Mariusz Kwiecien, who used to be a wonderful singer but now mostly bellows, barrelled his way through “Cruda, funesta smania” as if it were Mascagni, failing to articulate cleanly any of the little notes. John Relyea was a woofy Raimondo.
Marcello Giordani overcame a rough start to turn in a moving, honestly sung death scene. His voice is now too beefy for this repertoire—Gabriele Adorno, Pinkerton, and similar roles suit him best. He managed a sustained mezza voce in “Verranno a te,” but one could see and hear the excruciating effort it cost him. In any event, my Met Edgardos alone include Don Peppino, the much-underrated Frank Lopardo (on a night when he was phrasing like Tito f*cking Schipa), and the peerless Don Alfredo. Giordani, fine and conscientious artist though he may be, is not an Edgardo of comparable pith.
Giordani was also a poor match, vocally, temperamentally, and physically, for the Lucia of Natalie Dessay. Let’s get this over with: She slipped, and she kept singing! Whoop-dee-f*cking-do. In truth, she might have done herself, the audience, and poor Donizetti a favor if she had stopped singing.
“Soffriva nel pianto” was sublime—inward, heart-wrenchingly phrased, flickering and opalescent in its colors, and unforgivably slow. Overall, Dessay’s tone was bleached and anæmic, her passagework careless, and her highest notes glassy, frayed, and painful to hear.
Dessay has undergone surgery for nodules on her vocal cords. After a long and beautiful career, it would be no disgrace for her to focus on less demanding repertoire—though it would be a disgrace for her to go on singing as she did last night. Her twitchy, moto perpetuo acting often struck me as larded on, an attempt to compensate for a basic lack of vocal goods. In terms of tonal beauty, musical polish, and engagement with the text, she cannot hold a candle to the supposedly mediocre Ruth Ann Swenson—whom, I take it, we are no longer supposed to like because she’s plump. Oh, well.
The conducting merits no further comment. To think that this company once presented Lucia led by Sir Charles Mackerras, in a lovingly prepared edition.
By the way, though I was up late, pounding and twisting my pillow, I still did cardio and weights this morning—before dawn. You will not defeat me. The spirit of Maria watches over me.

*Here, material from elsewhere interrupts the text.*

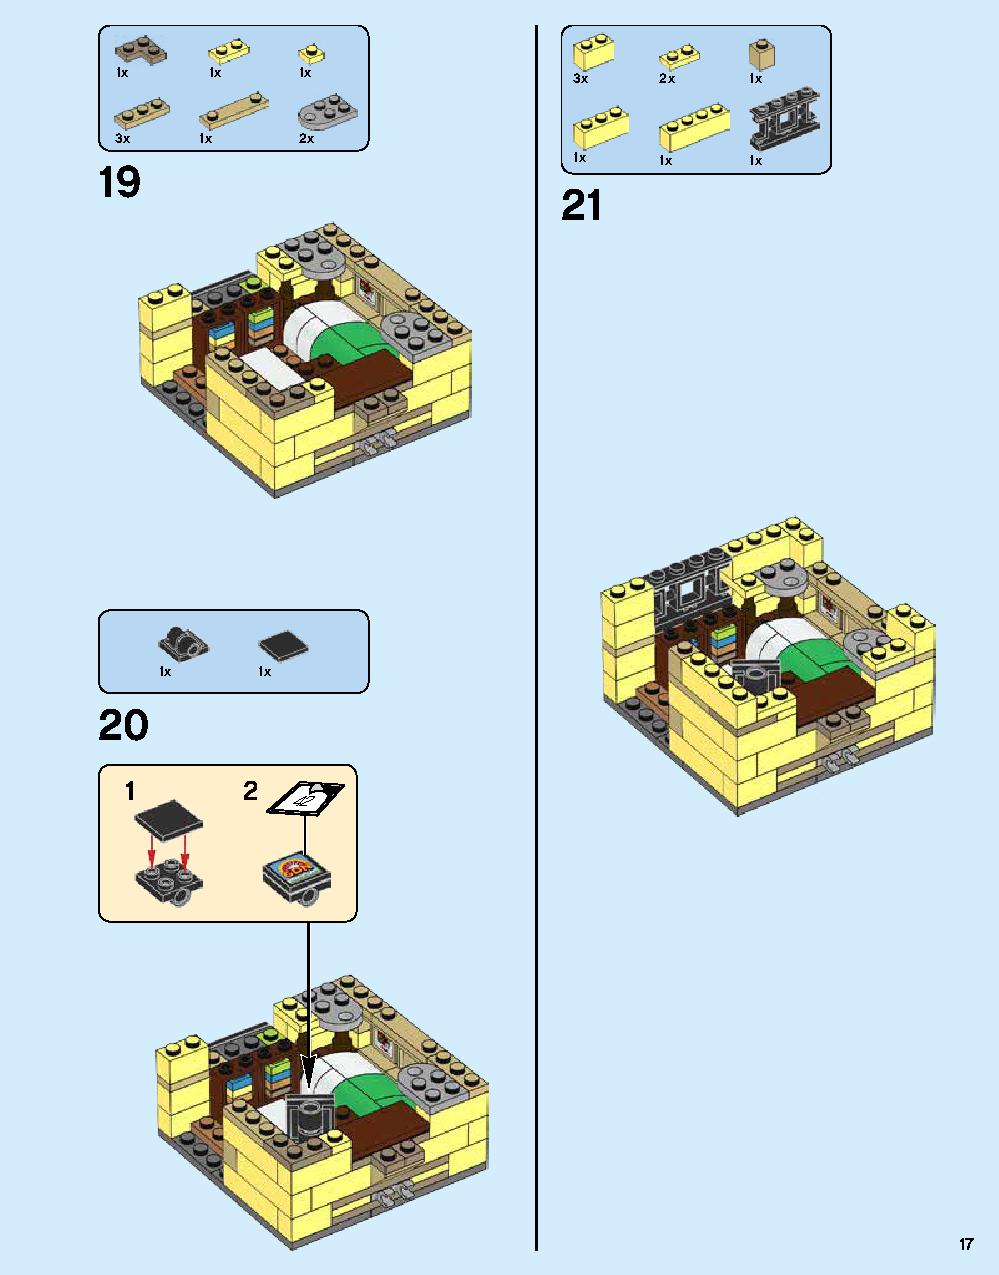 ニンジャゴー シティ 70620 レゴの商品情報 レゴの説明書・組立方法 17 page

Update: I made a few small edits and added one link for clarity. Thanks to all who have linked to and commented on this post. I will acknowledge you tomorrow.
Giordani as Edgardo… Can he possibly top the girly, achingly vulnerable portrayal of Giuseppe Filianoti? And will Don Peppino himself deliver on his promise, given his recent and protracted illness? (He reportedly is well now, in Hamburg rehearsing for his role début as Hoffmann in what sounds like a wild staging.)
Remember, people: In Donizetti’s time, Lucia was considered a tenor’s opera.
Listen soon: The audio file will be available for only a few days.
(Sorry about the bleeding chunk: After a day of fasting and nine hours of davening [plus Friday night’s prayers], I can’t handle basic file editing. I did pray for you all, though—that you be blessed with all good things and stay as sweet as you are.)